We expect that our due diligence will encompass, among other things, meetings with incumbent management of the target business and inspection of its facilities, as necessary, as well as a review of financial and other information which is made available to the Company. This due diligence review will be conducted either by our management or by third parties we may engage. Our limited funds and the lack of full-time management may likely make it impracticable to conduct a complete and exhaustive investigation and analysis of a target business before we consummate a business combination. We anticipate that we will rely upon funds provided by advances and/or loans from management who represent our significant stockholders to conduct investigation and analysis of any potential target companies or businesses. We may also rely upon the issuance of our common stock in lieu of cash payments for services or expenses related to any analysis. Therefore, management decisions will likely be made without detailed feasibility studies, independent analysis, market surveys and the like. We will be particularly dependent in making decisions upon information provided by owners or other persons associated with the targeted business opportunity.

 

10
 

We may incur time and costs required to select and evaluate a target business opportunity and to structure and complete a business acquisition or merger which cannot presently be determined with any degree of certainty. Any costs incurred with respect to the indemnification and evaluation of a prospective business acquisition or merger that is not ultimately completed may result in a loss to the Company. Also, fees may be paid in connection with the acquisitions or mergers. These fees may include legal costs, accounting costs, finder’s fees, consultant’s fees and other related expenses. We have no present arrangements for any of these types of fees.

 

Critical Accounting Policies

 

The preparation of condensed financial statements in conformity with accounting principles generally accepted in the United States requires management to make estimates and assumptions that affect the reported assets, liabilities, sales and expenses in the accompanying condensed financial statements. The SEC has defined that critical accounting policies are the ones that are the most important to the portrayal of the Company’s financial condition and results of operations, and those that require the most subjective and complex judgments, often employing the use of estimates about the effect of matters that are inherently uncertain.
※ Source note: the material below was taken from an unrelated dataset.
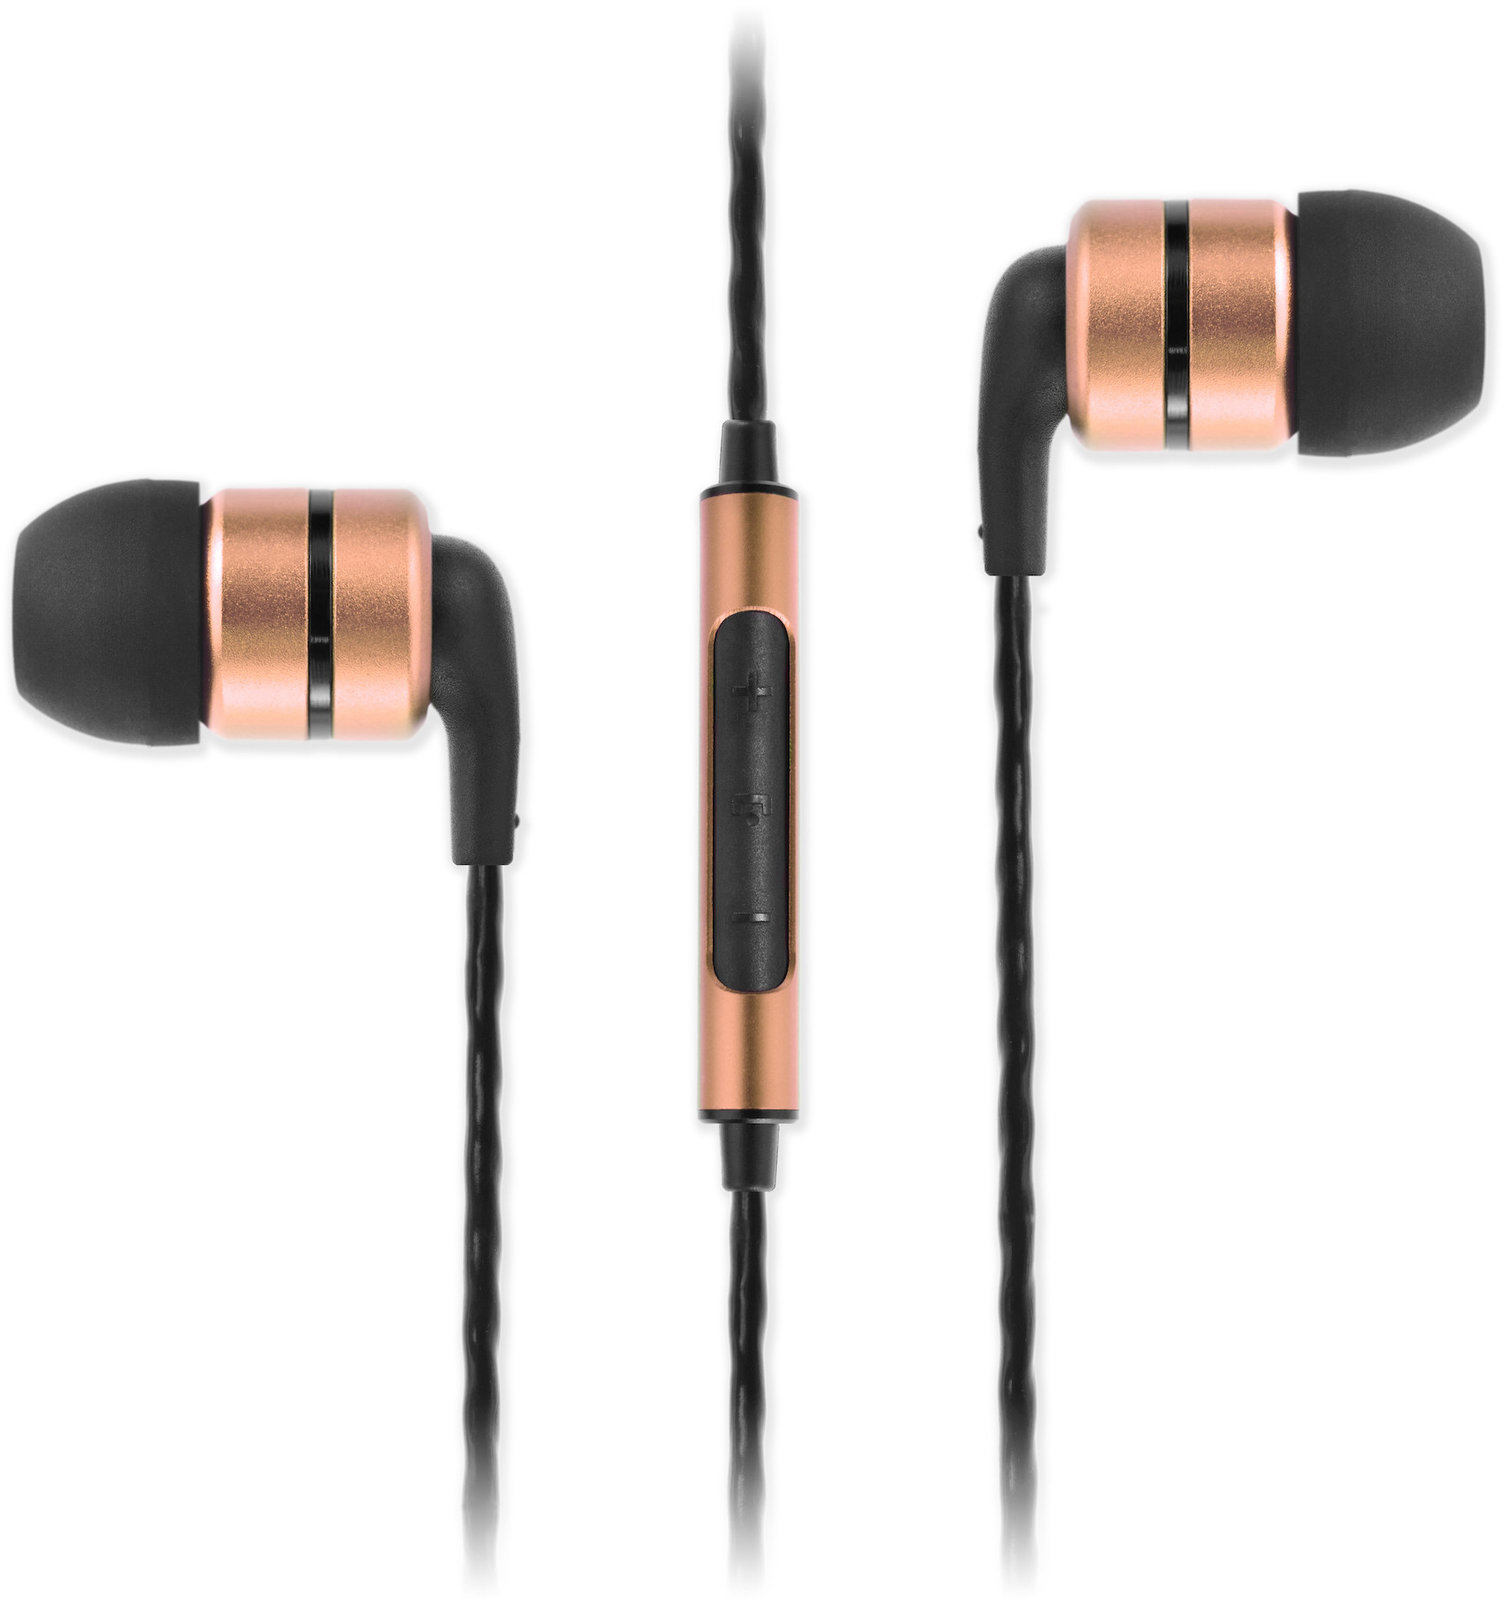 Auscultadores intra-auriculares SoundMAGIC E80C Black Gold
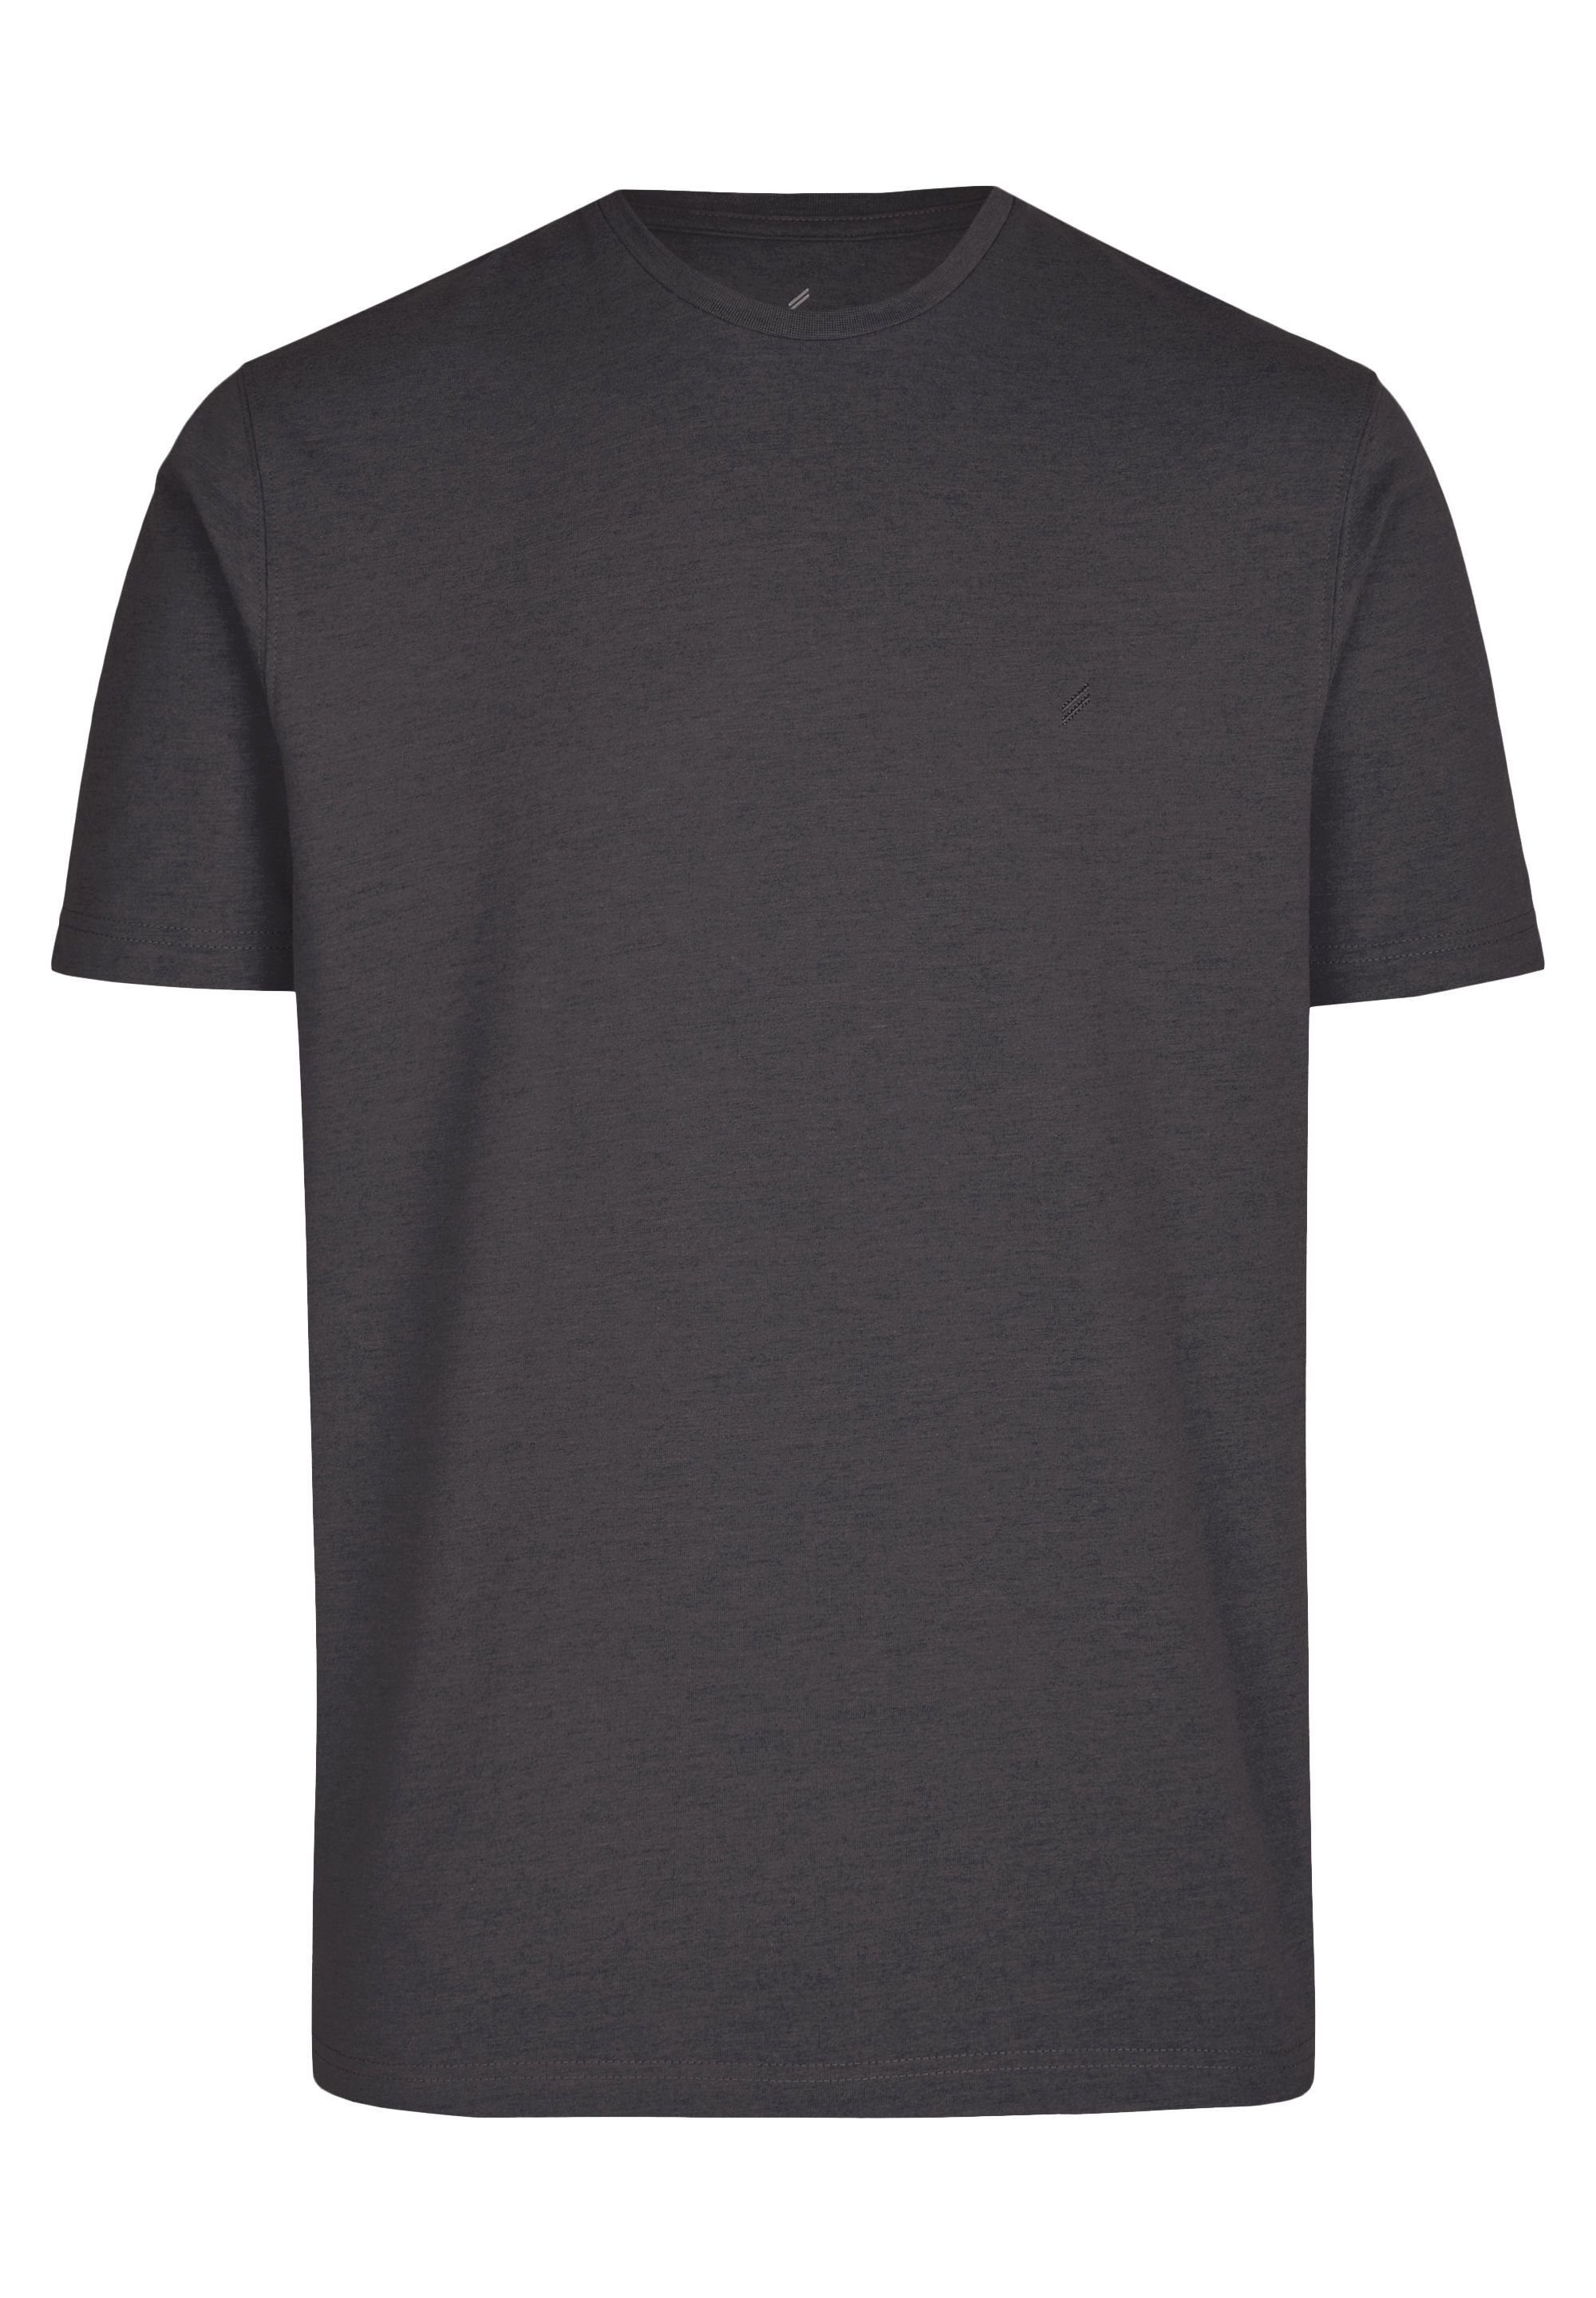 HECHTER PARIS T-Shirt im praktischen Doppelpack graphite

On an ongoing basis, management evaluates its estimates, including those related to accrued liabilities and certain expenses. We base our estimates on historical experience and on various other assumptions that are believed to be reasonable under the circumstances, the results of which form the basis for making judgments about the carrying values of assets and liabilities that are not readily apparent from other sources. Actual results may differ materially from these estimates under different assumptions, judgments or conditions. For additional information, see Part I, Item 1, “Financial Statements – Note 1 – Summary of Significant Business and Accounting Policies” of this Form 10-Q. Although we believe that our estimates, assumptions and judgments are reasonable, they are based upon information presently available. Actual results may differ significantly from these estimates under different assumptions, judgments or conditions.

 

Results of Operations

 

Revenues and Gross Profit. For the three months ended March 31, 2013 and 2012, we had no revenues or gross profit as we did not engage in any business activities that generated revenue during that time.

 

Operating Expenses. Our general and administrative expenses for the three months ended March 31, 2013 were $71,743, representing an increase of $67,153 or 1,463.0%, compared to $4,590 for the three months ended March 31, 2012. This increase was due to additional legal, accounting, tax, consulting and outside services fees in connection with the completion of an outside audit, tax returns preparation and the filing of our Form 10/A.

 

Other Income and Net Income. Our other income for the three months ended March 31, 2013 was $74,700, representing an increase of $74,700 compared to other income of $0 for the three months ended March 31, 2012. This increase was due to a gain on extinguishment of convertible note payable.

 

Net income for the three months ended March 31, 2013 was $2,957, representing an increase of $7,547 or 164.4%, compared to a net loss of $4,590 for the three months ended March 31, 2012. This increase was attributable to the gain on extinguishment of convertible debt, partially offset by additional legal, accounting, tax, consulting and outside services fees in connection with the completion of an outside audit, tax returns preparation and the filing of our Form 10/A.

 

Liquidity and Capital Resources

 

We do not currently generate any revenues from operations and, absent a merger or other combination with an operating company, or a public or private sale of our equity or debt securities, the occurrence of either of which cannot be assured, we will be dependent upon future loans or equity investments from our present stockholders or management, for which there is no existing commitment.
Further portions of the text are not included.